Employment/income fraud: Borrowers may overstate income in order to qualify for a larger loan amount. This is most often seen with so-called "stated income" mortgage loans, where the borrower declares their income without verification. It is sometimes seen in traditional full-documentation loans where the borrower alters an employer-issued Form W-2 to overstate income. Another example is to claim income from self-employment without documentation to prove that the borrower's business even exists.
Failure to disclose liabilities: Borrowers may conceal obligations, such as mortgage loans on other properties or newly acquired credit card debt, in order to reduce the amount of monthly debt declared on the loan application. This is pertinent because the debt-to-income ratio is a key underwriting criterion to determine eligibility for most mortgage loans, and the omission of liabilities artificially lowers the debt ratio, allowing the borrower to qualify for a bigger loan.

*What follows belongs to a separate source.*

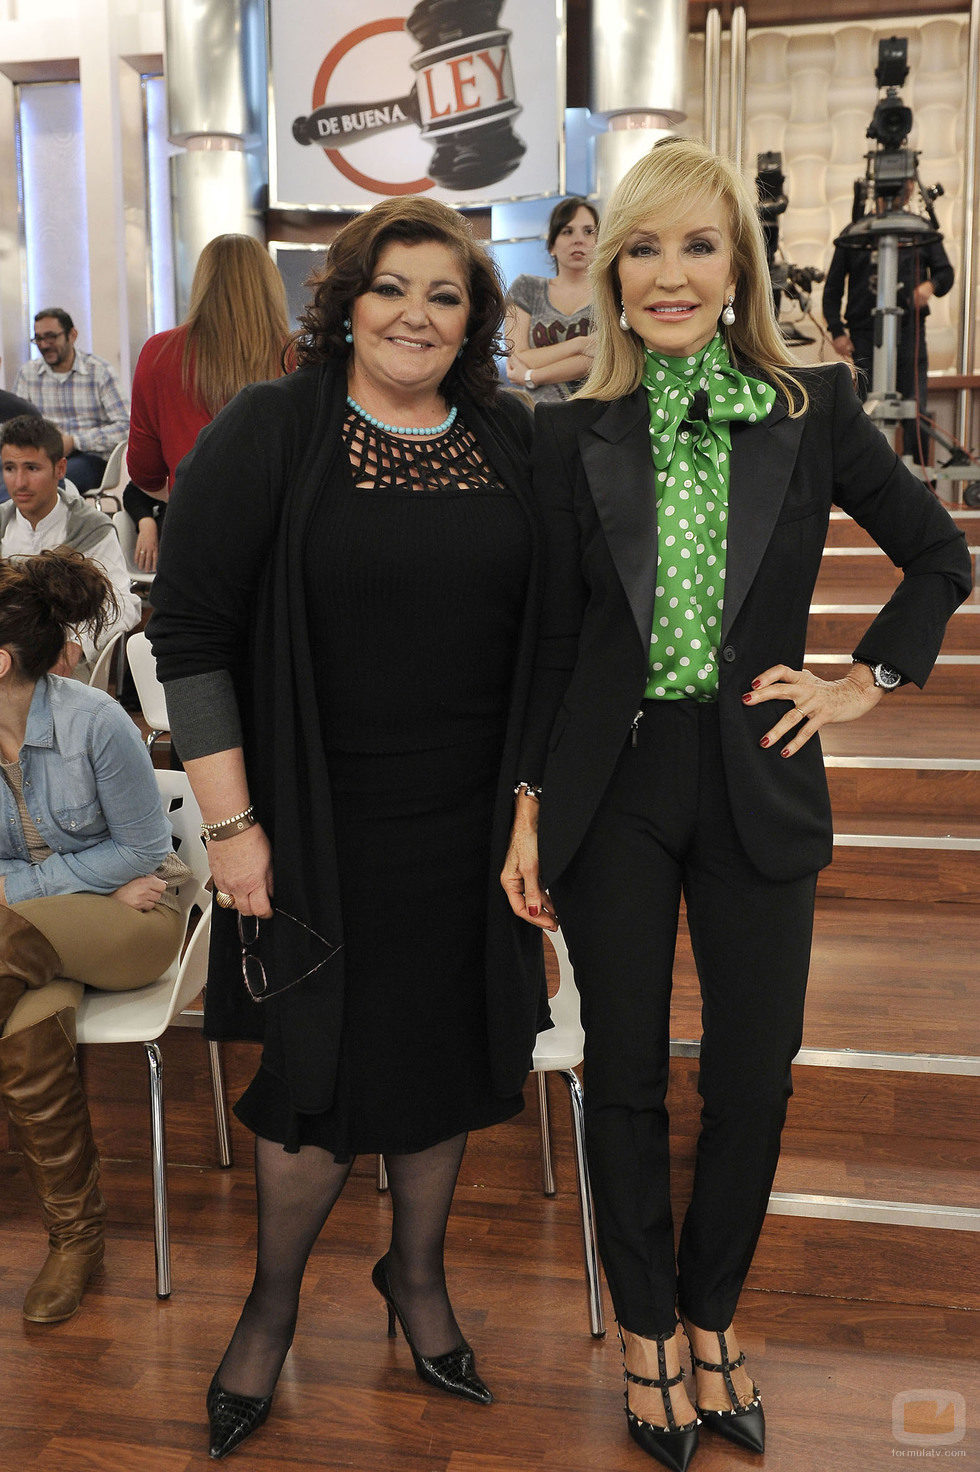 Charo Reina y Carmen Lomana en 'De buena ley'

Mortgage fraud ring: A more complex scheme involving multiple parties in a financially motivated attempt to defraud the lender of large sums of money. One possible scheme includes a straw borrower whose credit report is used, a dishonest appraiser who intentionally and significantly overstates the value of the subject property, a dishonest attorney who prepares two sets of HUD closing documents, and a property owner, all in a coordinated attempt to obtain an inappropriately large loan. If undetected, a bank may lend hundreds of thousands of dollars against a property that is actually worth far less. The parties involved share the ill-gotten gains and disappear without making payments on the mortgage.
Appraisal fraud: If a home's appraised value is deliberately overstated, more money can be obtained by the borrower in the form of a cash-out refinance or obtained by the seller in a purchase transaction. A dishonest appraiser may inflate the value, or someone with knowledge of graphic editing tools such as Adobe Photoshop can alter an appraisal. In many cases of mortgage fraud, the appraisal is involved.
Shotgunning: When a person takes out multiple loans for the same home simultaneously the term is shotgunning. Typically after committing the mortgage fraud, the person or persons leave the country.
Identity Theft: When a person assumes the identity of a home owner and takes out a mortgage on their property. Sometimes this is part of a mortgage fraud ring where a seller assumes the identity of the home owner, and a buyer who seeks the mortgage to buy the house; both of whom are using false identities, share the ill-gotten gains and disappear without making payments on the mortgage.